Par Jean-Marie Beaudouin

Dessalines, victime des imputations imaginaires

Dessalines est dépeint par les premiers historiens sous les traits d’un sanguinaire toujours inassouvi, mais aussi comme le prédateur des habitants du Sud en particulier. On rapporte que le jour du 17 octobre 1806 où il allait être sacrifié sur l’autel de la trahison, il aurait annoncé l’apocalypse-Sud: « Je veux que mon cheval marche dans le sang jusqu’à Tiburon. Bientôt le département du Sud serait une telle solitude qu’on n’y entendrait même plus le chant du Coq » dans Histoire d’Haïti – Tome 3, pages 322 – 323, de l’auteur Thomas Madiou. Le département du Sud est aussi présenté comme le foyer originel de la résistance, de la rébellion ou de l’insurrection contre le gouvernement central. Parmi les évènements du Sud à l’époque coloniale et à l’époque de l’indépendance nationale, nous en sélectionnons trois (3) qui peuvent expliquer le caractère antipathique des historiens officiels qui manifestement n’aiment pas Dessalines.

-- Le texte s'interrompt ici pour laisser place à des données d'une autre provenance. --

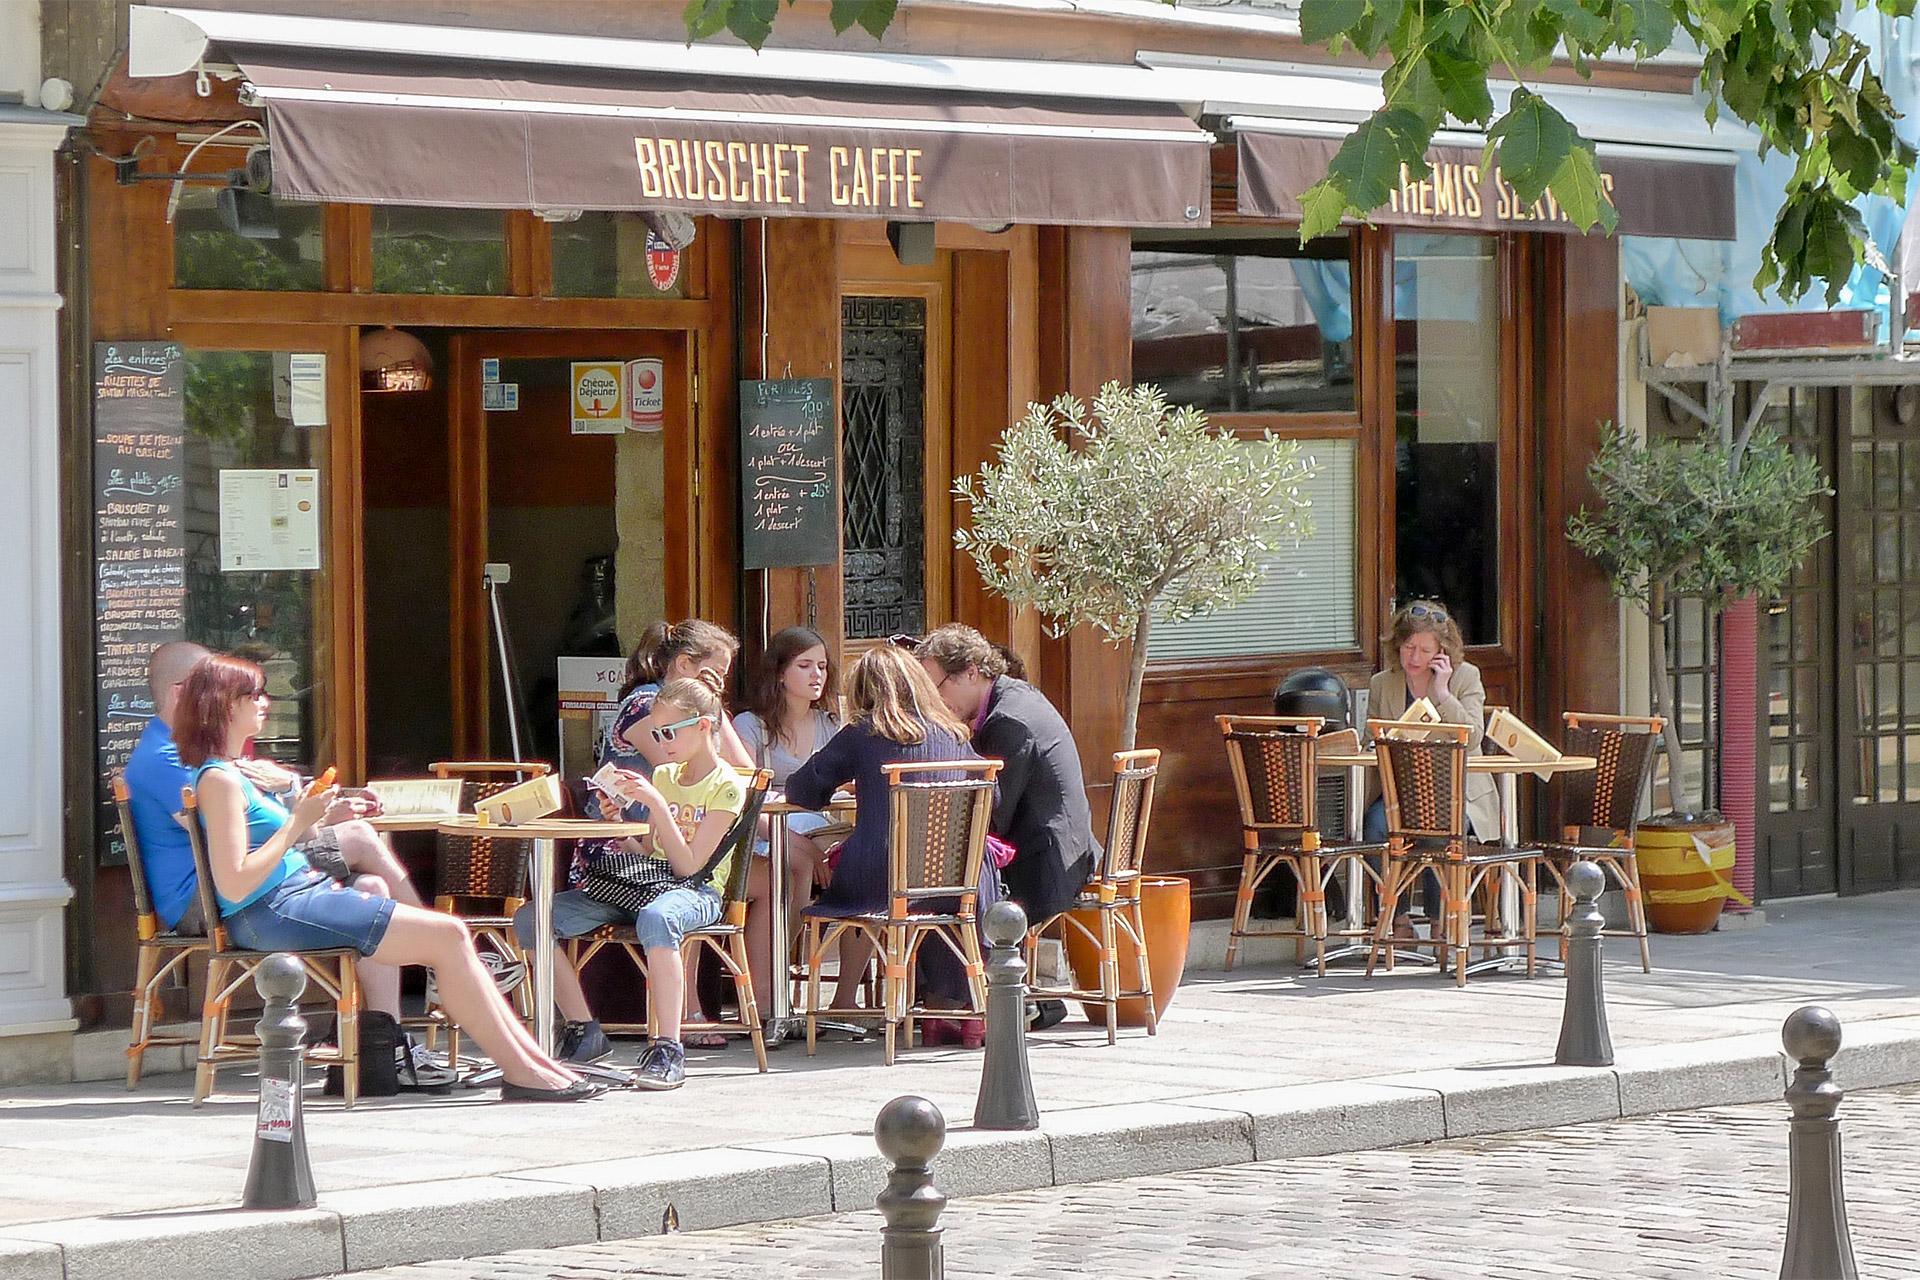 Bruschet Caffe on Place Dauphine

Entre juin 1799 et mars 1800, une guerre éclata sous le nom de guerre civile du Sud, ou guerre du Sud, ou encore Guerre des couteaux. Elle opposa Toussaint Louverture, général en chef de l’armée, à André Rigaud, général brigadier et commandant en chef du département du Sud. N’ayant pas reconnu l’autorité de son chef hiérarchique, Rigaud commit par là un acte d’insubordination. Et cela explique toutes les conséquences encourues: le général Rigaud s’échappa à la cloche de bois, laissant derrière lui des morts, des blessés et une armée débandée.

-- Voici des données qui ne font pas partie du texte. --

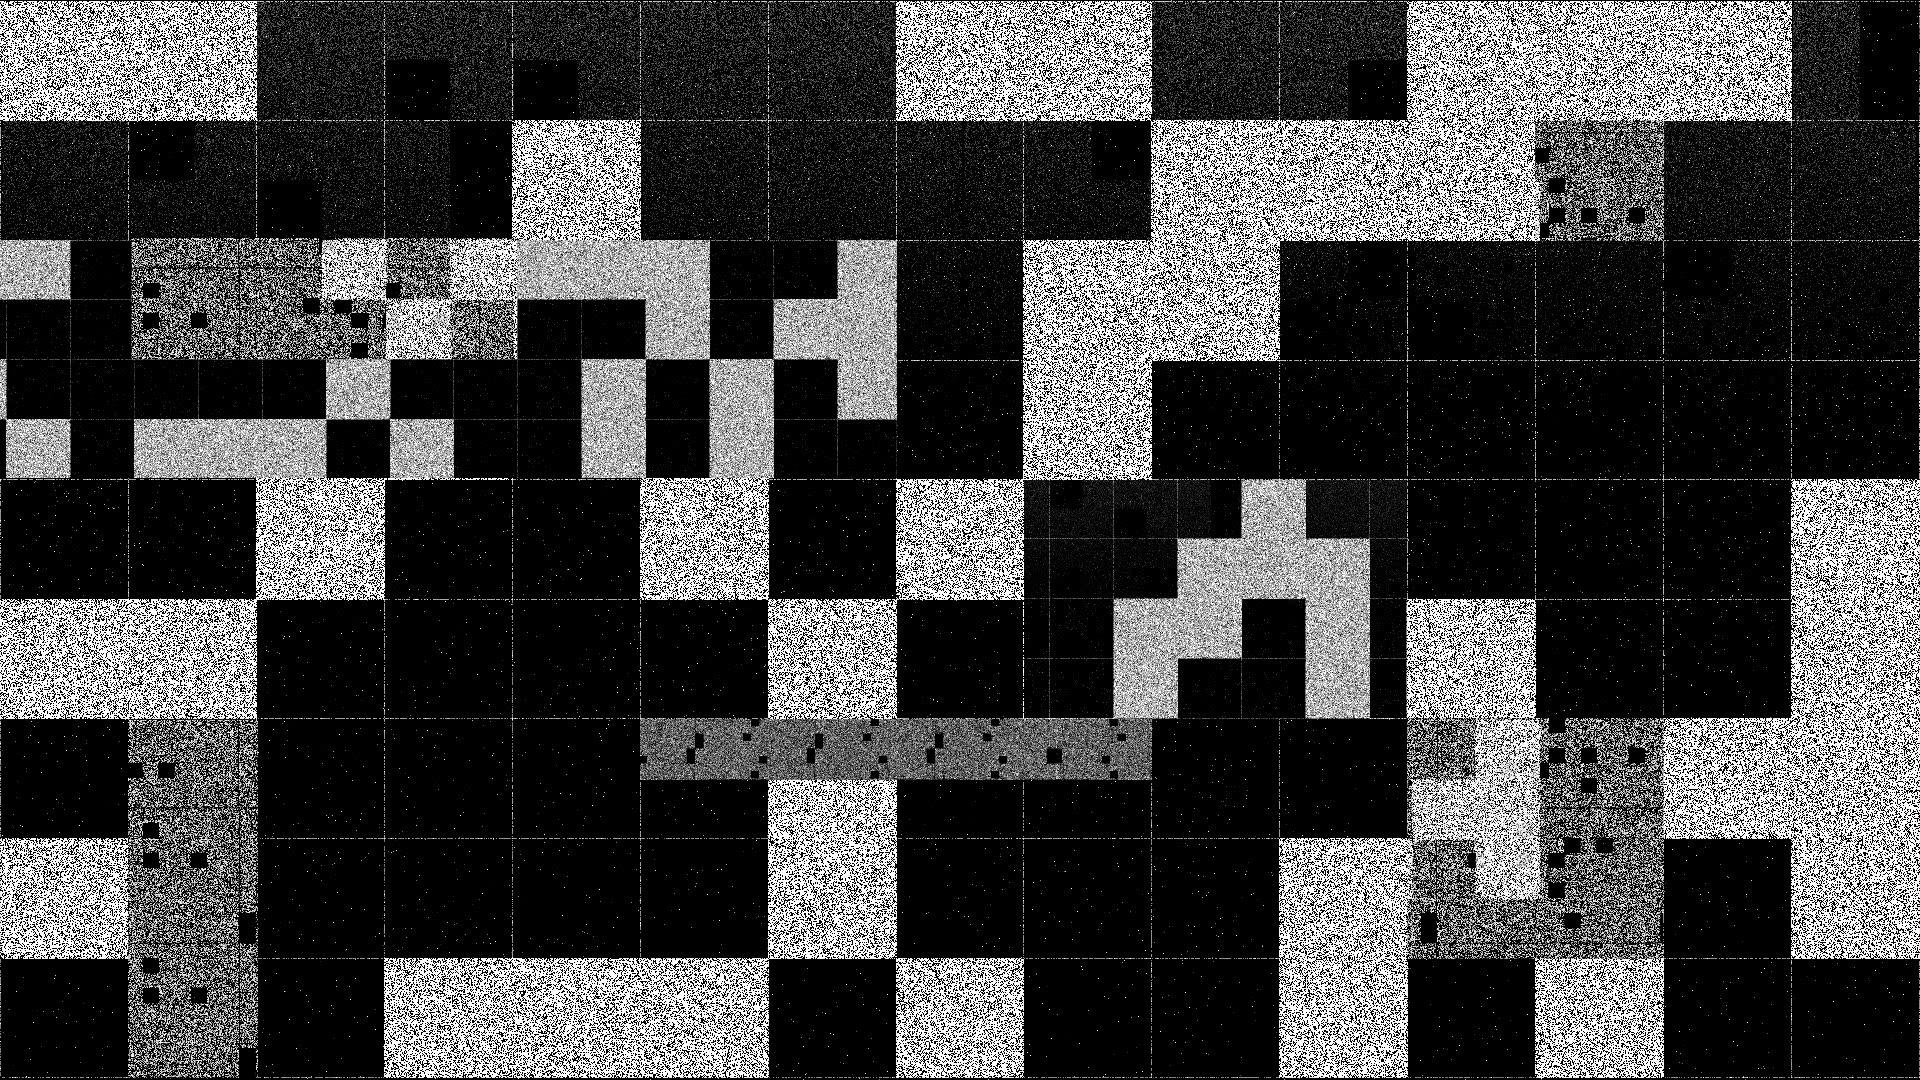 Decrypt by Peter Clark

Entre 5 – 6 juillet 1802, eut lieu la rencontre historique du Camp-Gérard dans la Plaine des Cayes. Dessalines y rencontra Geffard ainsi que tous les officiers supérieurs du département du Sud, dans le but essentiel de sceller les accords et l’Union qui présidèrent au Congrès de l’Arcahaie ayant eu lieu deux mois plutôt (18 mai 1803). Ce fut un bon présage, ce fut aussi l’œuvre particulière de Pétion. Reconquête des territoires occupés par les Français dans le Sud, dans la Grand-Anse, dans l’Ouest jusqu’à la bataille suprême de Vertières (18 novembre 1803), ont été les suites heureuses de ladite rencontre du Camp-Gérard. L’indépendance nationale ayant été proclamée, un nouvel État libre s’étant formé, et un gouvernement national s’étant constitué dans les conditions de la liberté et de l’égalité humaine conquises.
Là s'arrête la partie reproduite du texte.